تَفَقَّهُوا قَبْلَ أَنْ تُسَوَّدُوا
“Fahamkanlah diri kalian sebelum kalian dijadikan pemimpin”
Riwayat Imam Bukhori
Di antara hal yang harus difahami seorang suami adalah, mempergauli istri secara baik adala perintah Allah seagaimana yang telah di firmankan dalam kitab-NYA
وَعَاشِرُوْهُنَّ بِالْمَعْرُوْفِ ۚ فَاِنْ كَرِهْتُمُوْهُنَّ فَعَسٰٓى اَنْ تَكْرَهُوْا شَيْـًٔا وَّيَجْعَلَ اللّٰهُ فِيْهِ خَيْرًا كَثِيْرًا
“Dan pergauilah mereka (istri) dengan cara yang baik. Jika kamu tidak menyukai mereka, (maka bersabarlah) karena boleh jadi kamu tidak menyukai sesuatu, padahal Allah menjadikan kebaikan yang banyak padany”
QS. Annisa:19
Ihwal ayat tersebut, Rosulullah juga memperkuat dalam sabdanya
خيارُكم خيارُكم لنسائِه
“Paling baiknya kalian (suami) adalah dia yang paling baiknya kalian terhadap istrinya”
HR. Tirmidzi
Sabar Terhadap Istri
Jika kembali kita ulas dalam surat Annisa ayat 19 di atas, Allah subhanahu wa ta’ala sudah memberikan para suami petunjuk bahwa bilama istri terkadang tidak sesuai espektasi suami, suami harus tetap positif thinking atau husnudhon billah kalau masih ada kebaikan lainnya dari seorang istri. Rosulullah dalamsabdanya juga memperkuat
لا يفرَك مؤمنٌ مؤمنةً إن سخِطَ منْها خُلقًا رضِيَ منْها آخرَ.

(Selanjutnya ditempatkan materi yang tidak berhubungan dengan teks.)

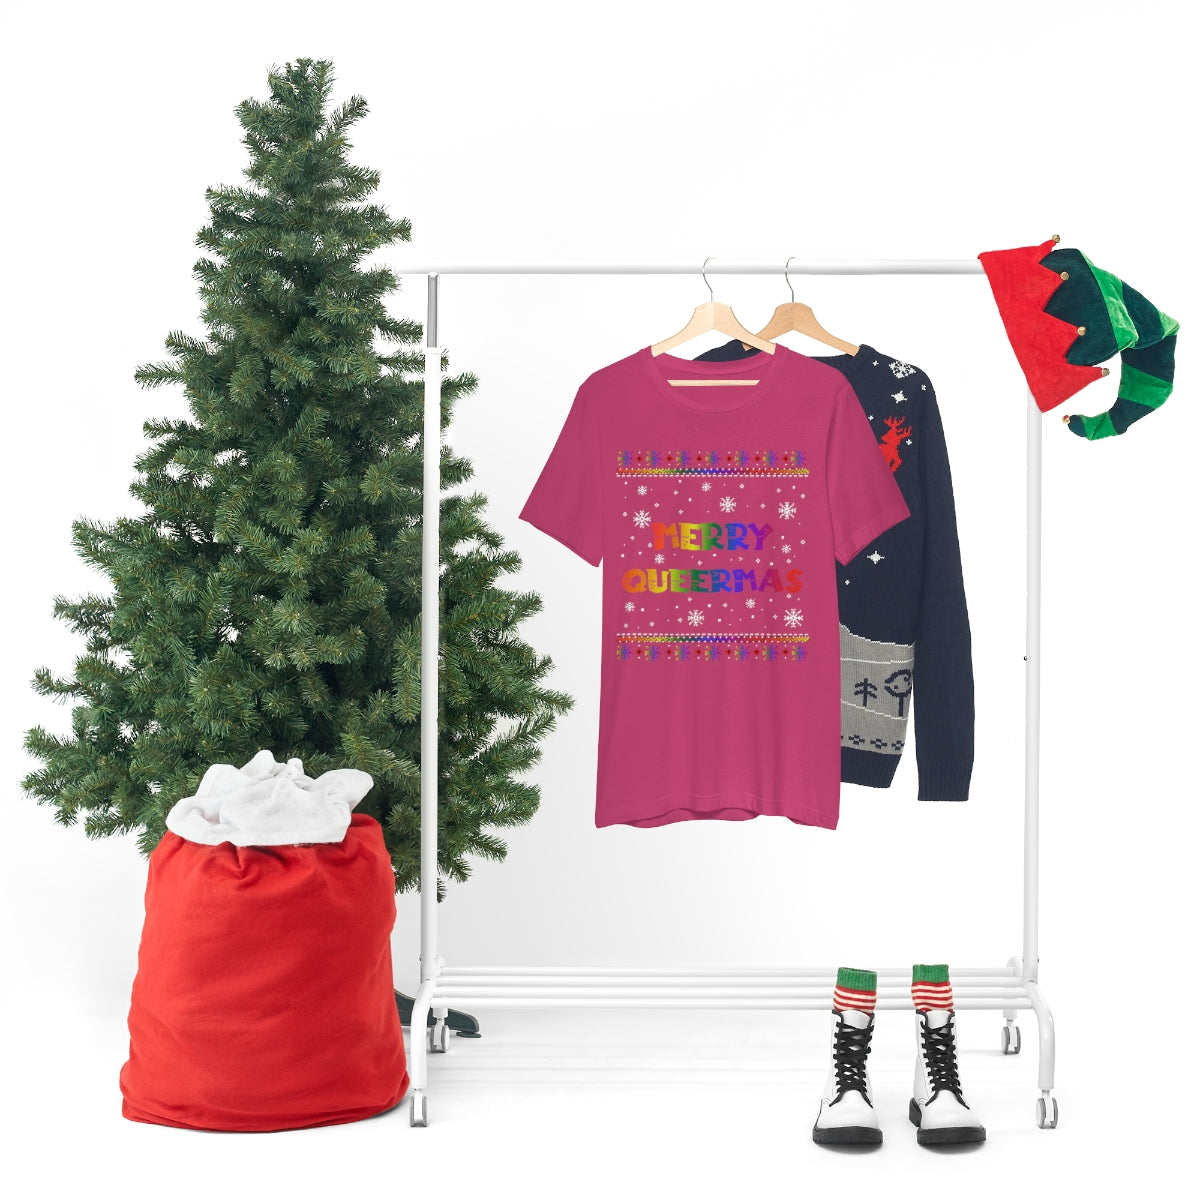 Classic Unisex Christmas LGBTQ T-Shirt - Merry Queermas Printify

“Janganlah kalian orang iman laki-laki (suami) membenci pada (kekurangan) wanita iman (istri), jika dia membenci darinya (kekurangannya) bisa saja dia senang denganya (perempuan) dari hal yang lain.
Dari uraian ayat dan hadist di atas, beberapa ulama salaf temasyhur turut memberikan penjelasan (syarah) dari hadist di ats
Imam An-Nawawi berkata:
“maksud yang benar dari hadist ini adalah larangan untuk mecari-cari seseuatu yang dia (suami) benci darinya (istri). hal itu dikarenakan jika dia menjumpai sesuatu yang dibenci darinya istri dia masih dapat mencari bagian lain dari istri yang dia senangi. Seperti dia baik agamanya, atau cantik wajahnya, atau seorang pemaaf, atau senang berbelas kasih, atau yang semisalnya.
Imam Qurtubhi berkata:
“adapun makna (dari hadist di atas): bahwasanya mereka suami janganlah membenci dengan benci yang sangat padanya istri (atas kekurangannya) karena hal itu tidaklah pantas. Bahkan, ampunilah keburukan mereka dengan (mencari) kebaikannya serta janganlah dia pedulikan dari apa yang dia benci (dari keburukan istri) (dan carilah) apa yang dia senangi darinya”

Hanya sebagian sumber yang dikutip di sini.